▶ Exercise goal: From the first line to the last, transcribe the data exactly and skip the pictures.

▶ Provided data:
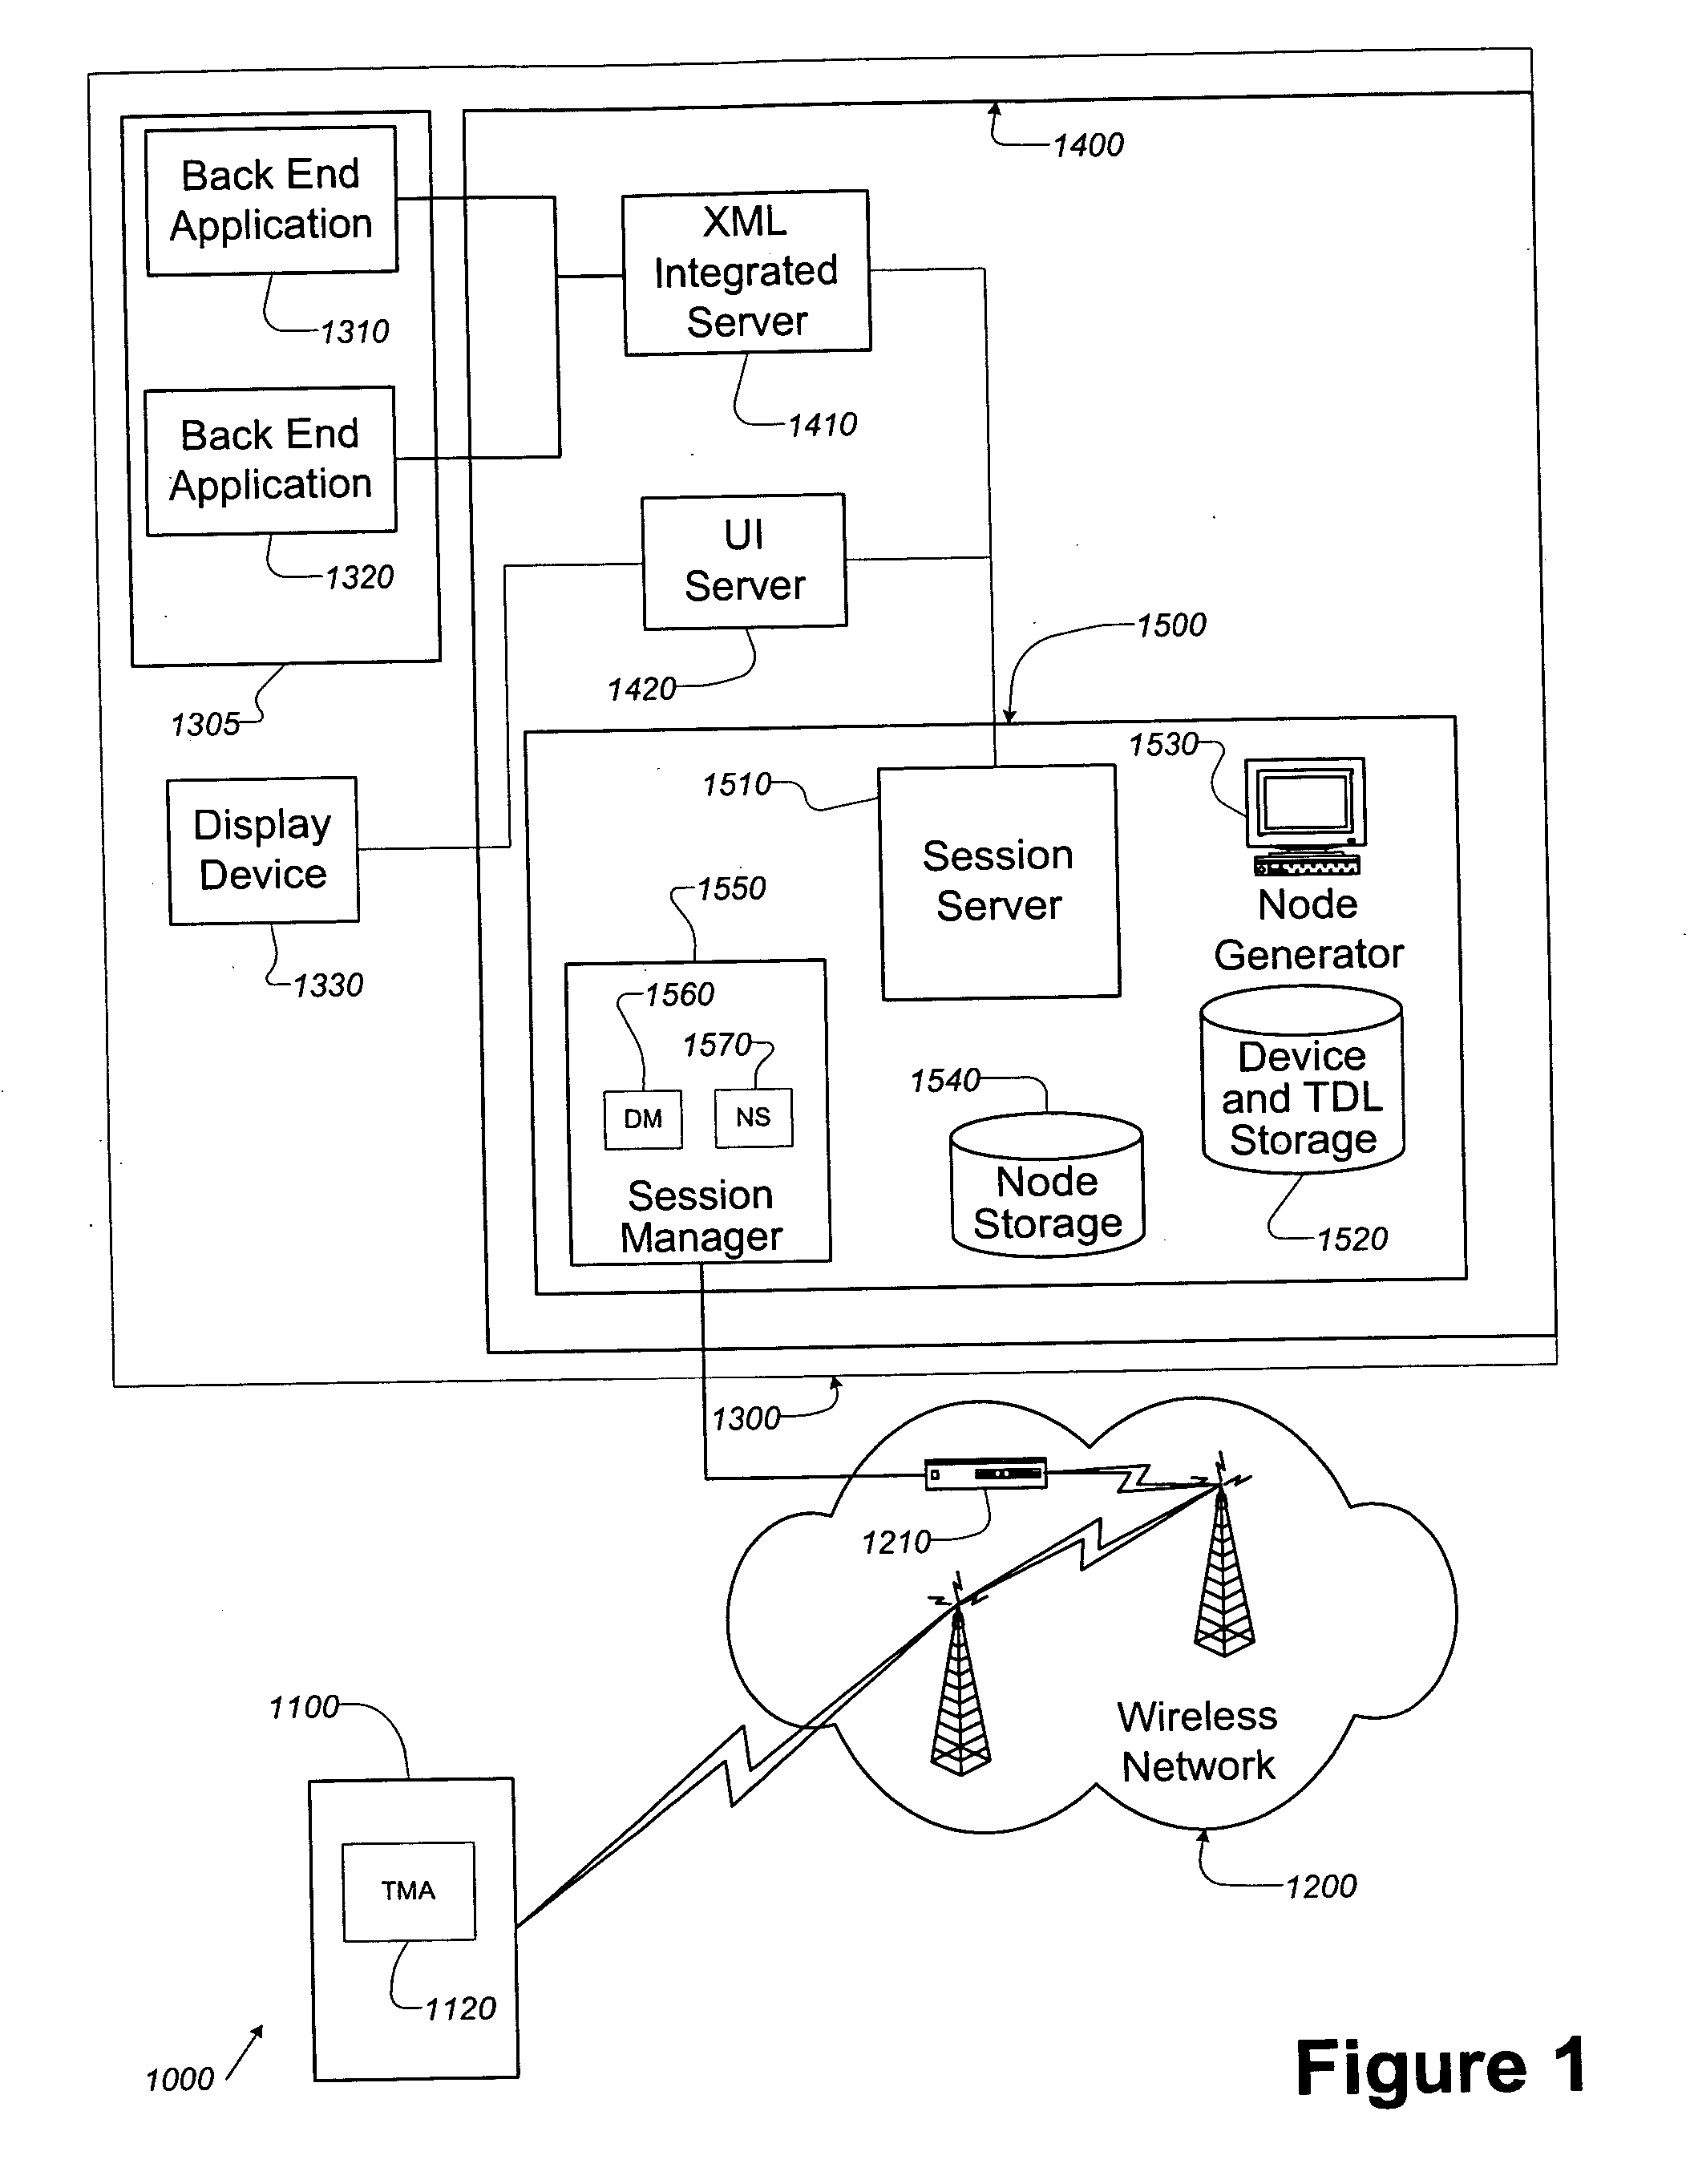 System for extending business systems to a mobile workforce
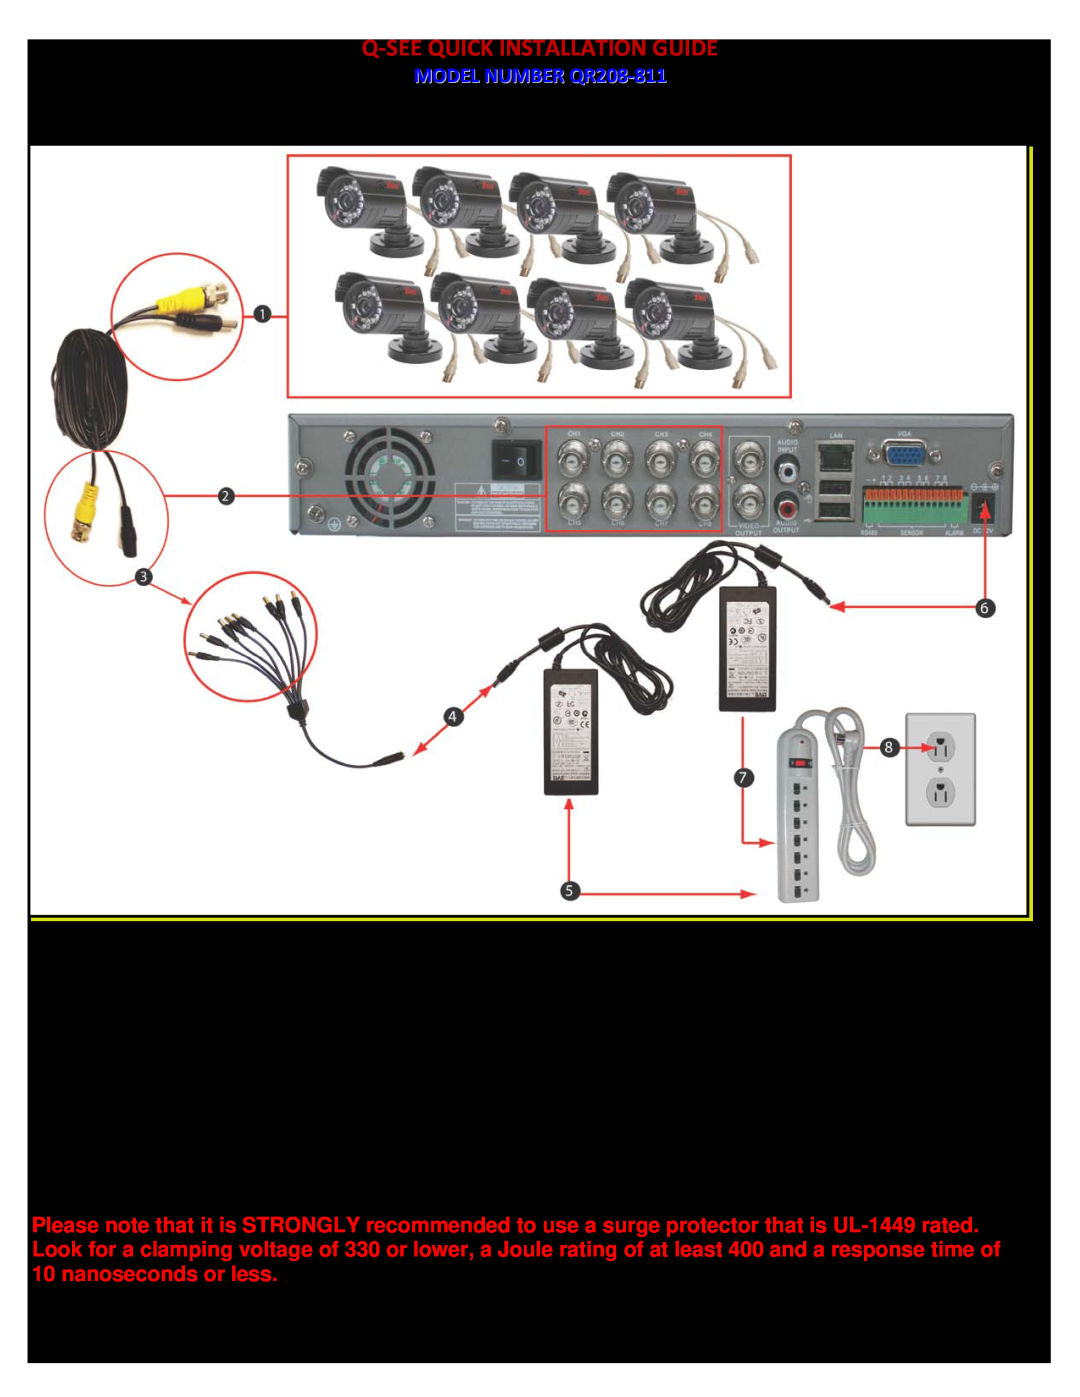 Q-See manual PART 2 - DVR CAMERA AND POWER CONNECTIONS, P a g e, Q-Seequick Installation Guide, MODEL NUMBER QR208-811 
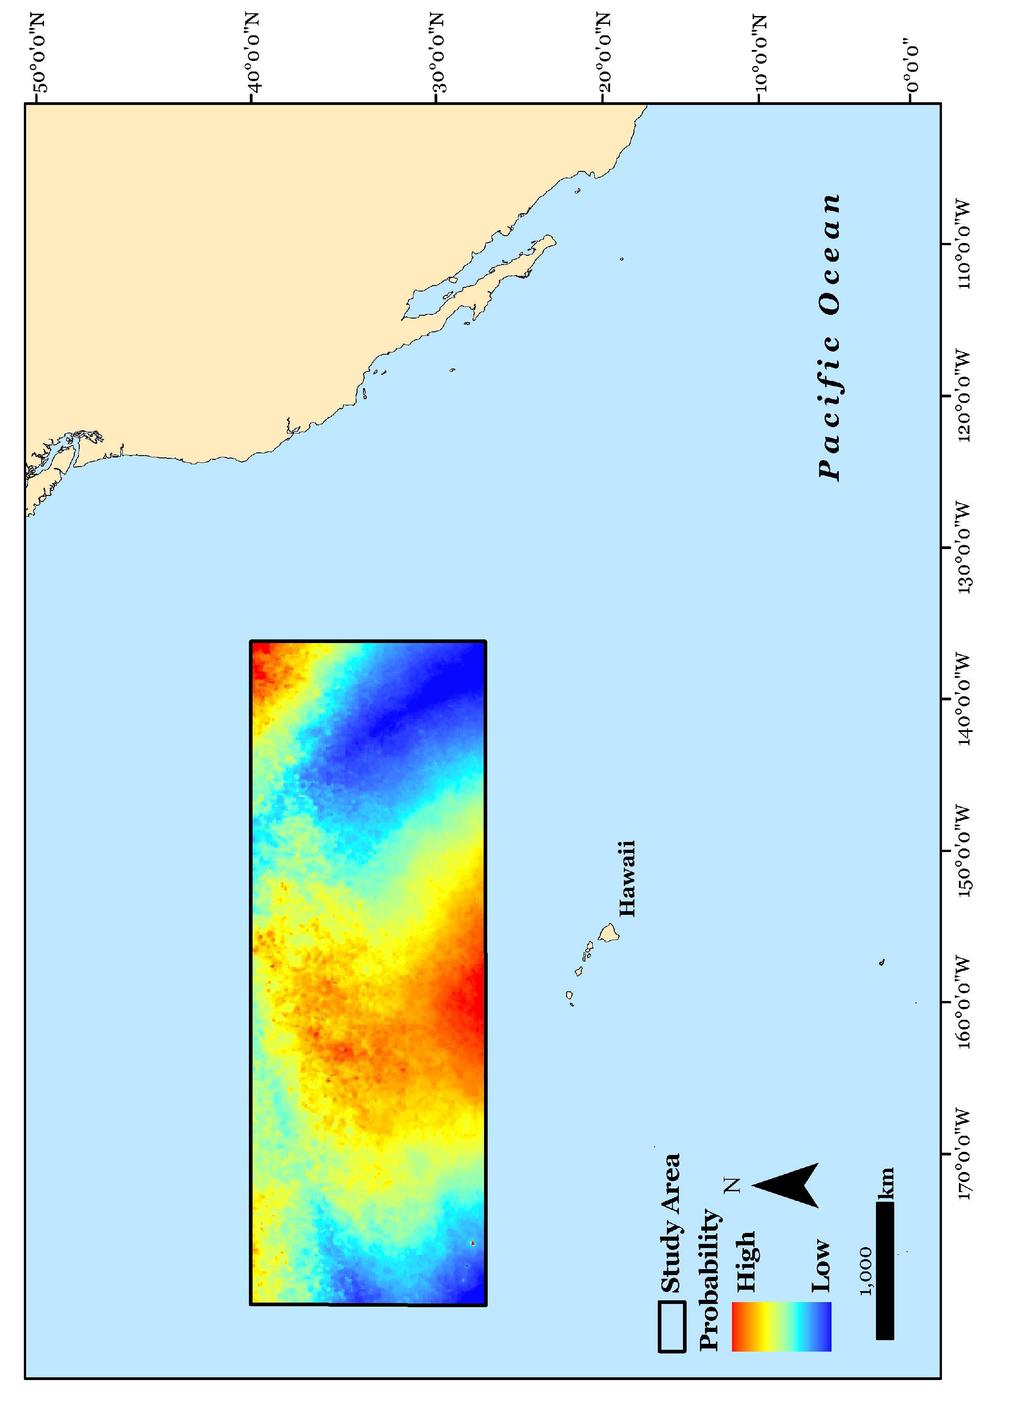 Figure 15: Probability of bycatch of loggerheads in pelagic longline swordfish gear in January within the North Pacific

▶ Output for this exercise:
 System for extending business systems to a mobile workforce
 Q-See manual PART 2 - DVR CAMERA AND POWER CONNECTIONS, P a g e, Q-Seequick Installation Guide, MODEL NUMBER QR208-811 
 Figure 15: Probability of bycatch of loggerheads in pelagic longline swordfish gear in January within the North Pacific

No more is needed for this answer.